Right now they know they need to focus on the little things.

The Sun Devils have to find a way to get their groove back.

At the beginning of the Pac-10 season, the ASU soccer team was working to secure their identity.

The Sun Devils saw their 7-1-2 record as a gauge, and the competition they faced in the nonconference season gave them an idea as to how their team would measure up in the Pac-10 season.

But with the loss of senior goalkeeper Briana Silvestri to a season-ending anterior cruciate ligament injury during a September game against Pepperdine, the Sun Devils (7-5-3, 0-4-1, Pac-10) lost a part of the preseason identity they had worked so hard to obtain.

“One of the things we did very well is that we were disciplined in the first half of the season,” head coach Kevin Boyd said. “Disciplined means we weren’t making little errors, or if we did, we cleaned them up right away. We were able to stay focused on what we need to do.

“We lost a lot of leadership when we lost Briana Silvestri, and that has impacted us in a significant way.”

Silvestri’s four-year career as a Sun Devil goalkeeper includes several significant accomplishments.

She entered the 2009 season first on ASU’s all-time list in career goals against average, with a 0.83, fourth in career shutouts with 12 and fifth in career saves with 120.

Silvestri also set ASU’s single-season record for goals against average in each of the last two seasons.

Her performance, an undeniable complement to her personality, was one of the anchors to the Sun Devil soccer team.

“She is behind the team,” Boyd said. “Her ability to talk and hold them accountable and push them and do all of that — you need someone on your field to do that.

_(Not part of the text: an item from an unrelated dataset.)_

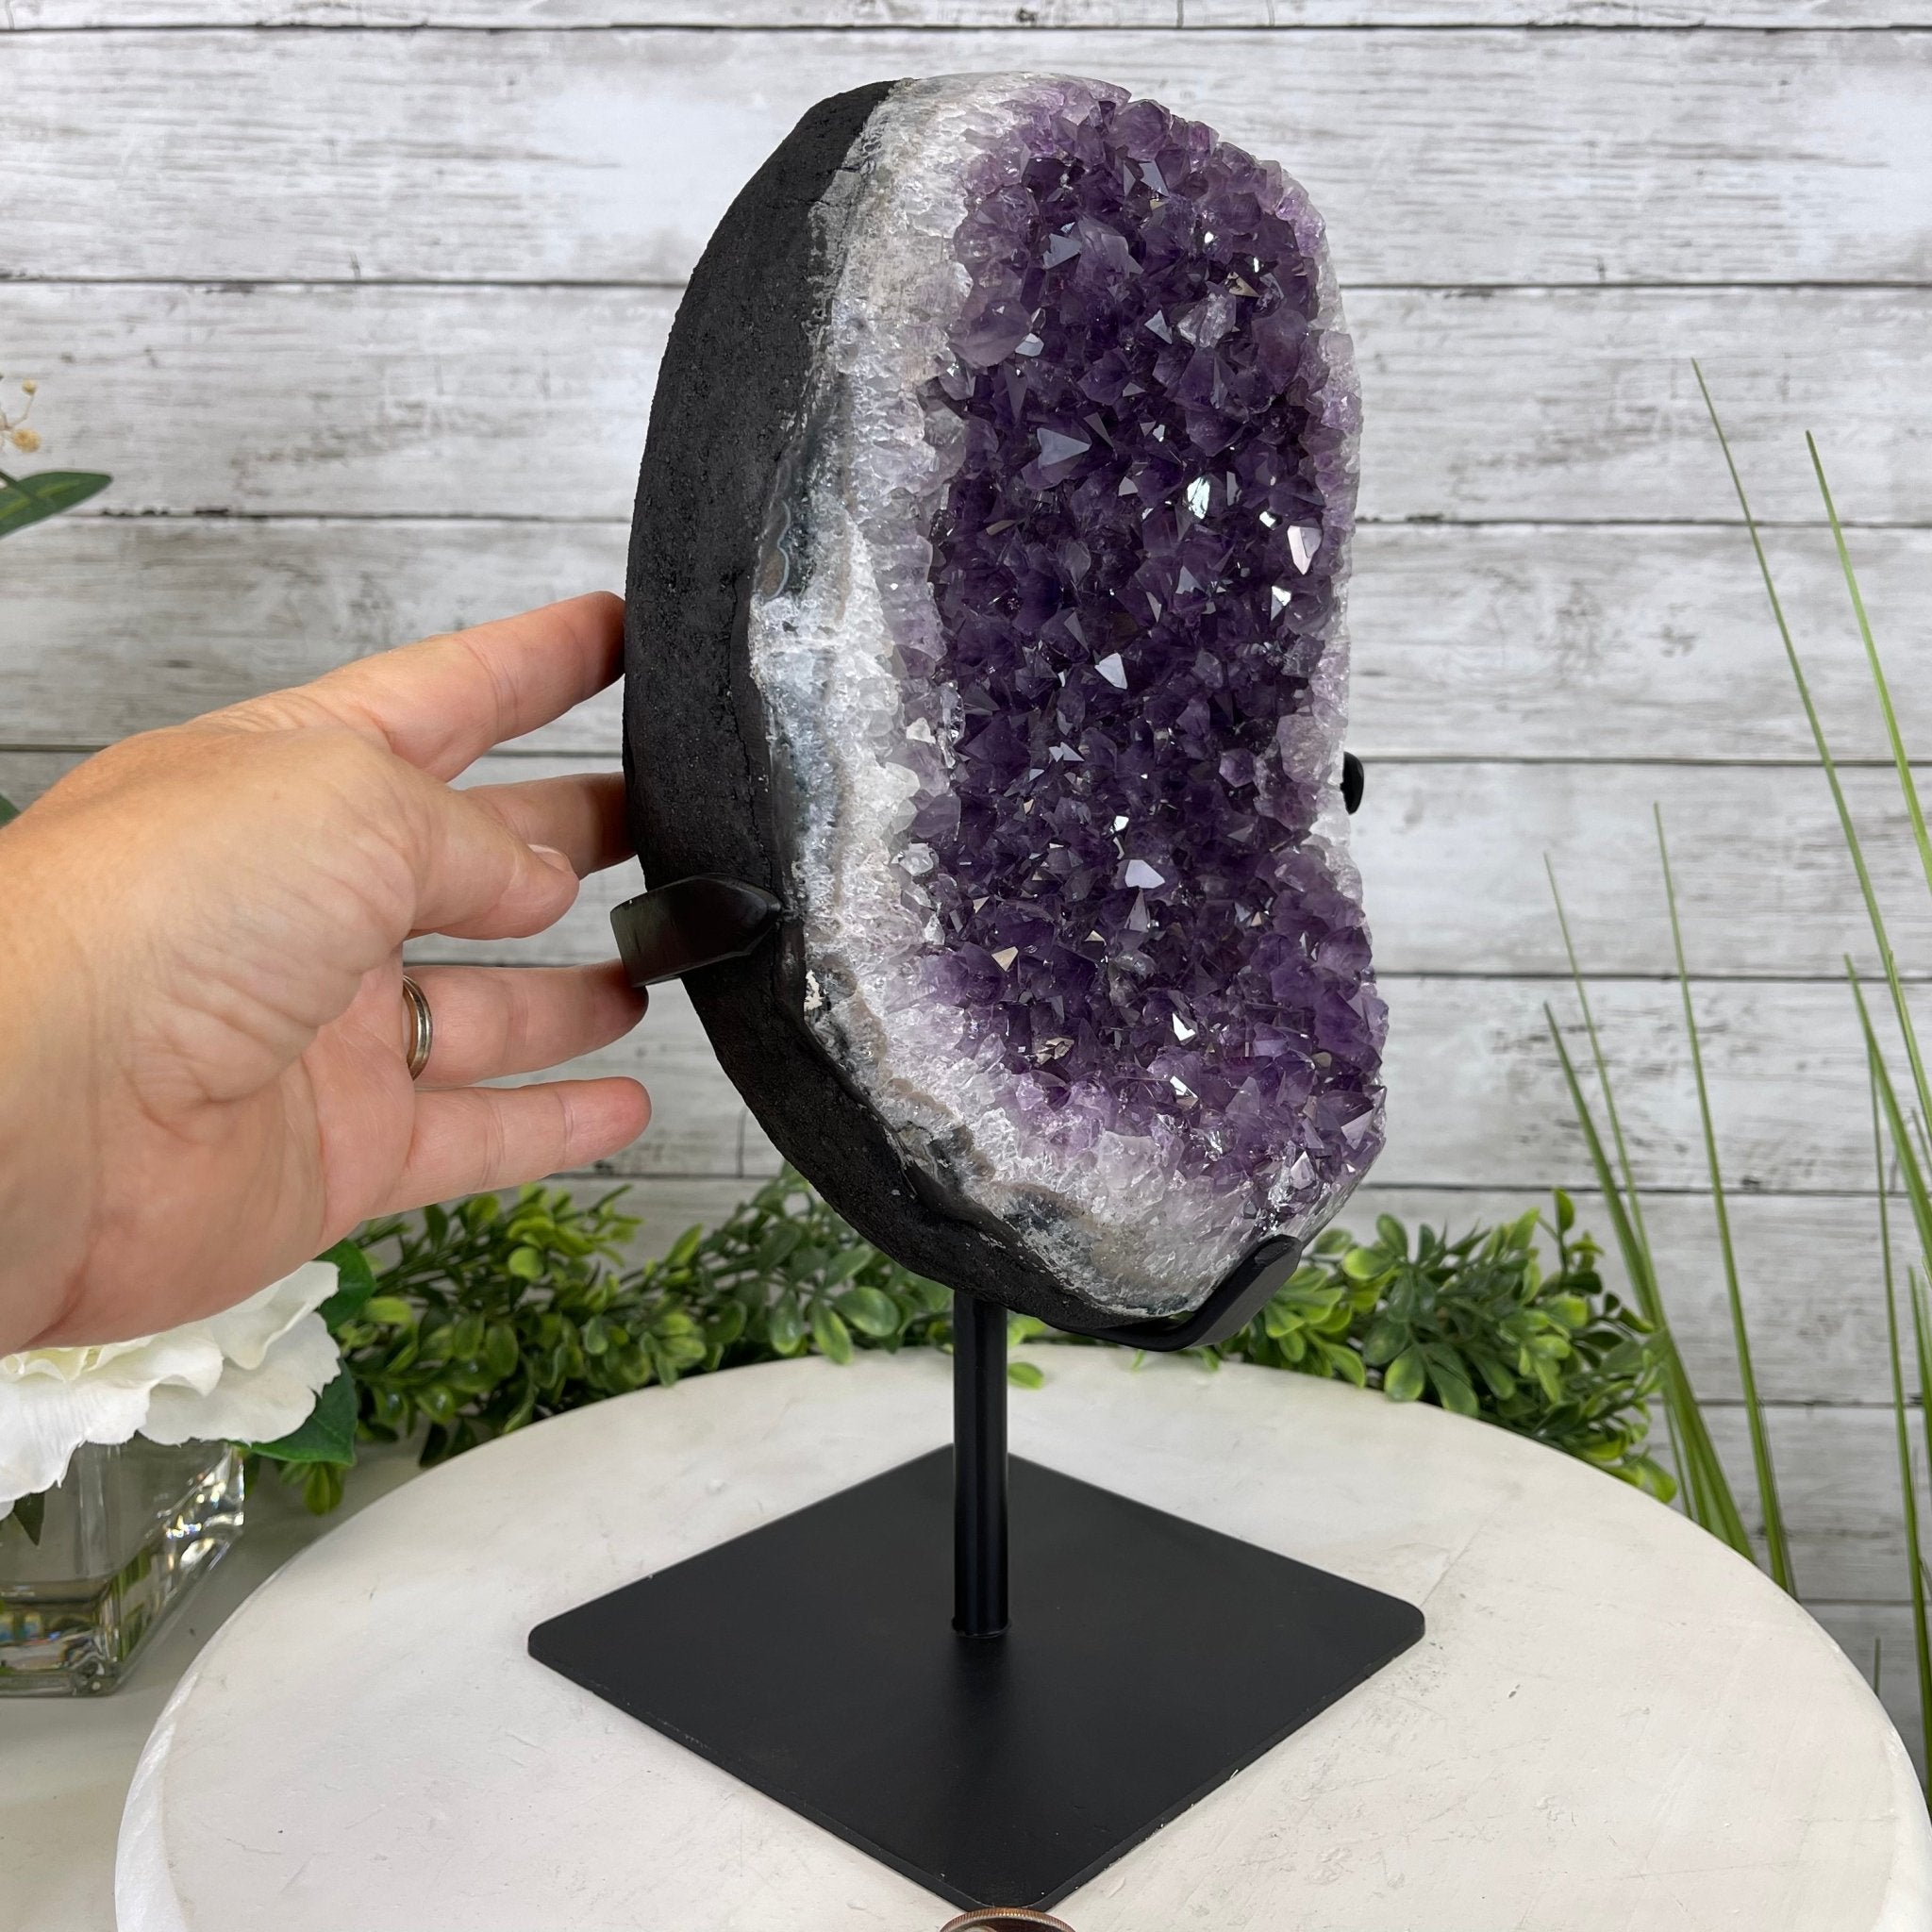 Extra Plus Quality Amethyst Druse Cluster on Metal Stand, 16.7 lbs & 12.9" tall #5491-0040 by Brazil Gems - Brazil GemsBrazil GemsExtra Plus Quality Amethyst Druse Cluster on Metal Stand, 16.7 lbs & 12.9" tall #5491-0040 by Brazil GemsClusters on Fixed Bases5491-0040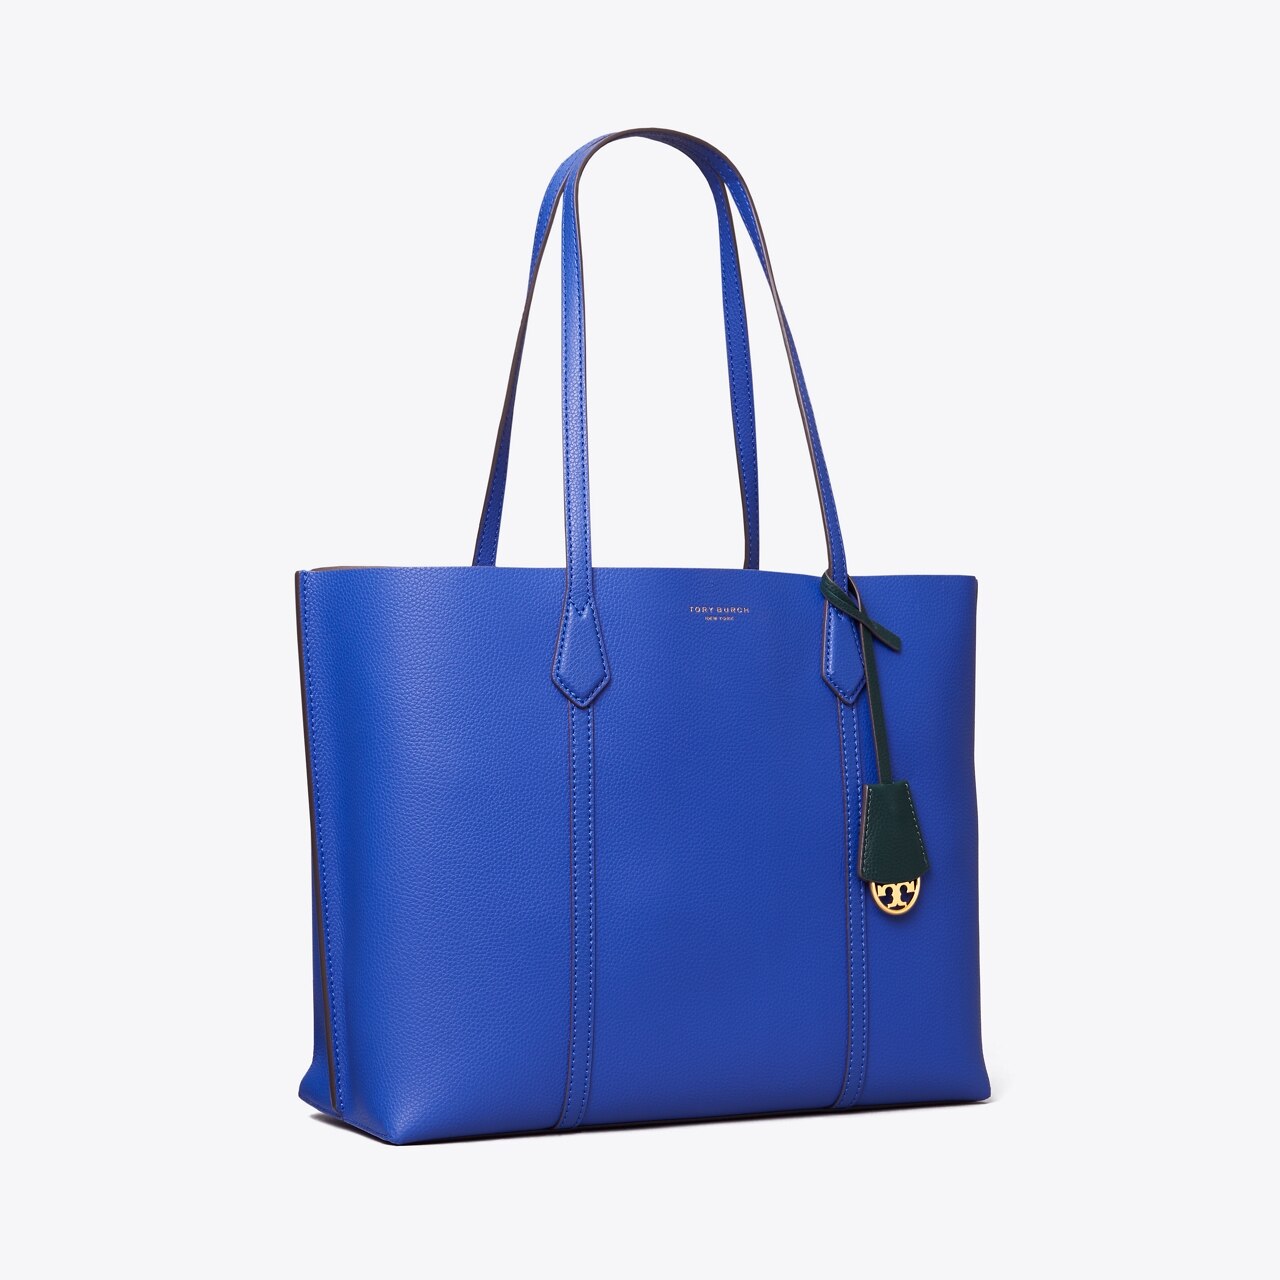 Tory Burch - The Perry Tote In our new fil coupe logo

When we lost her, we lost that element, so the team’s trying to create that because we don’t really have a personality like that left on the field. They’re trying to recreate that with an abundance of younger players.”

With last weekend’s 2-1 double overtime loss against UA, the Sun Devils prolonged their winless streak to five games.

“It’s always hard when you play your rival and you end up losing in double overtime,” junior midfielder Alexandra Elston said. “But we can’t let it get us down, we still have a chance — we can’t let it change our mentality. We can still get into [the] playoffs, so we just have to pick it up and keep playing.”

This weekend, the team travels to the Bay Area to take on both Stanford and California, two more of the Pac-10’s toughest competitors.

“We know we play Stanford, and they are No. 1 in the country right now,” Elston said. “We just have to know that. We’re the underdogs, and we have to put in all we have. If we lose, well OK, but if we win, it will be great.”

As the underdogs in this weekend’s competition, the Sun Devils will work to re-establish their identity and hold themselves to a higher standard of play.

“We’re trying to get the whole team to hold ourselves to a higher standard,” Boyd said. “We’re also trying to keep a clear identity and a perception of exactly who we are. We had a clear identity in the first half; we’ve lost it a little bit in this transition time without Briana, so we’re trying to get that back and know who we are and play to our strengths and be that team.”